The foundation of good policy is good information. If the U.S. is to respond wisely to the rise of the People's Republic of China (PRC), the actual speed and nature of that rise must be correctly understood. Exaggerating Chinese prowess and emphasizing the wrong issues leads to general mistakes in U.S. economic and foreign policy, and to an incoherent China strategy.
It turns out that China is not leading the world out of recession, is not nipping at America's economic heels, is not America's banker, is not becoming more consumption-driven, and is not controlling its carbon emissions. Instead, Chinese growth for the moment comes at the expense of global growth, the U.S. has stronger long-term economic fundamentals than China, Chinese bond purchases appear unimportant, China is more investment-dependent than ever, and is by far the world's largest greenhouse emitter.
The American position is thus considerably stronger relative to China than commonly believed. However, it is also the case that the policy challenges, such as inducing genuine economic reform in the PRC, are more daunting. It will be more difficult for the U.S. to avoid the pitfalls of superficial changes, such as in exchange rates and carbon intensities, to make progress toward a Chinese economy that genuinely does boost world growth.
Myth #1: China is now the leading engine for global growth.
Truth: China detracts from the rest of the world's growth in gross domestic product (GDP).
The standard procedure employed by those convinced of Chinese economic leadershipis to take every country's GDP growth, add it all up, and check which economy contributed most to the global pile. But that is not the way GDP works.
If a country successfully dictates trade terms and extracts a great deal of wealth from its partners, its GDP would grow very quickly while that of its partners would shrink or grow much more slowly. It would then seem this country is leading global growth higher while it is actually enriching itself at the rest of the world's expense.
Behind this confusion is that GDP includes trade. A trade surplus adds to GDP and a trade deficit takes away from it. China runs the largest trade surplus in the world, which means the rest of the world runs a large trade deficit with the PRC.
From this perspective, China is not adding anything to global GDP growth. Using trade, China adds the most to its own GDP and takes away the most from the rest of the globe's.
The distinction is between performance and welfare. China is outperforming the world but it is not contributing to global GDP. Just the opposite: Some of its gains are mirrored in offsetting GDP losses in the rest of the world.
China has contributed a great deal to the world economy. Competition is the life-blood of long-term growth, and competition from Chinese goods has arguably been the largest contributor to competition in the global economy over the past decade. In terms of policy, Chinese production kept consumer prices down worldwide, helping to keep inflation low despite high levels of government stimulus around the world.

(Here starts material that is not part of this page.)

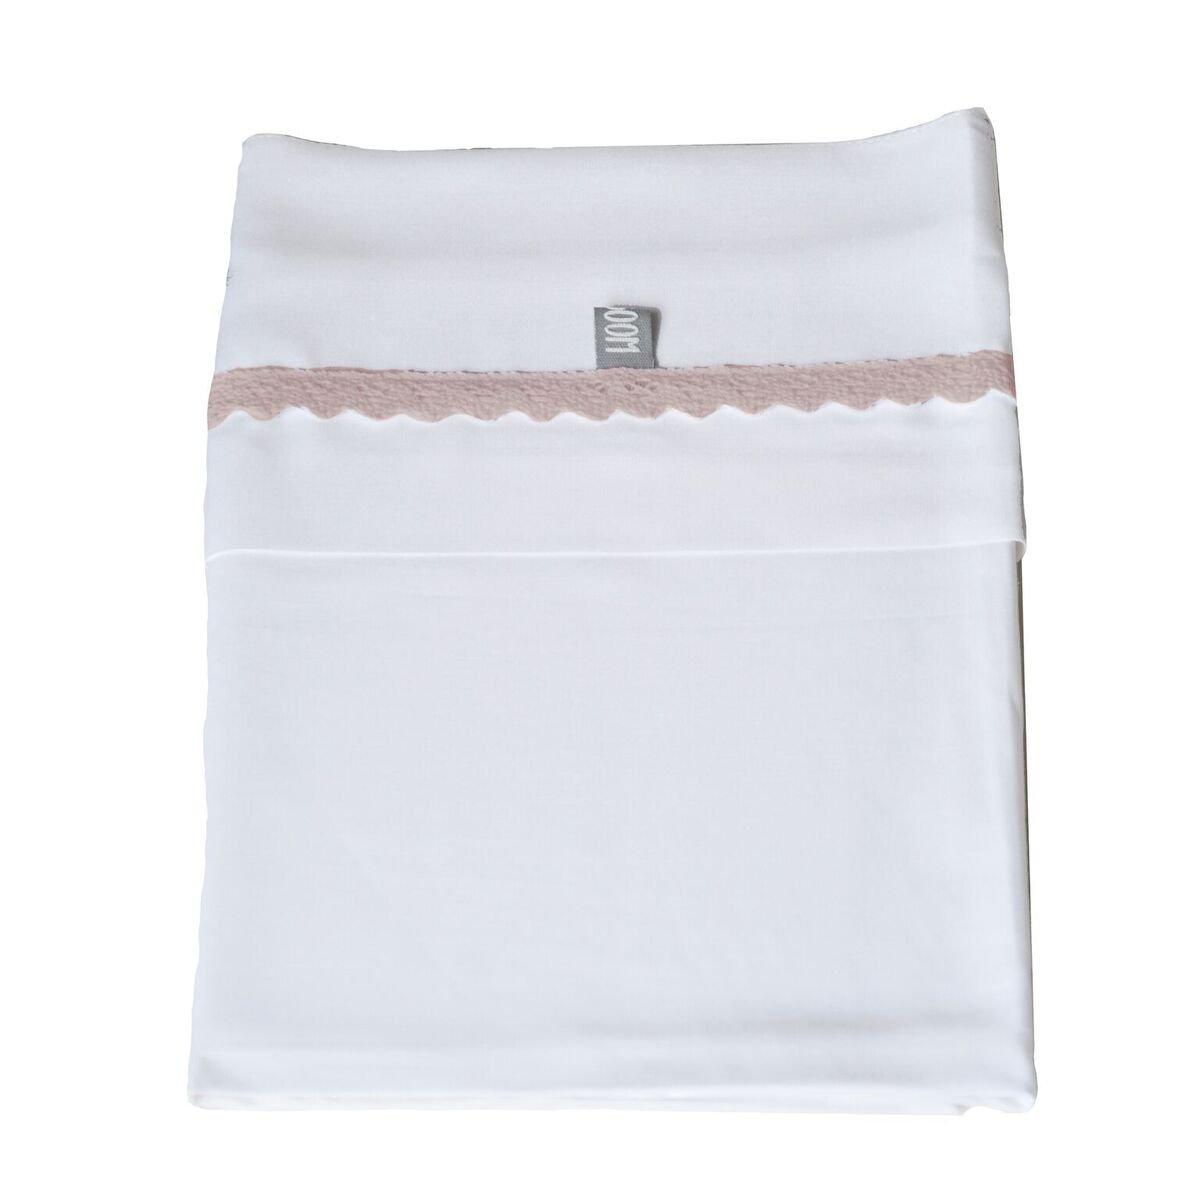 /064/ /004/Bedsheet Bettw/äsche Bettw/äsche Bamboom 104/ Pink

The financial crisis has changed this. Previously, Chinese supply was helping to meet strong global demand. Now, Chinese supply is threatening to overwhelm weak global demand. Rather than leading, China is using the world to boost itself higher.
It need not be so. The PRC could encourage the development of its domestic economy for the sake of its own people. This would increase demand for goods produced in the rest of the world. Then, and only then, China might be an engine for the global economy.
Myth #2: China could surpass the U.S. as the largest economy in 10 years.
Truth: There is a reasonable chance that China will never surpass the U.S.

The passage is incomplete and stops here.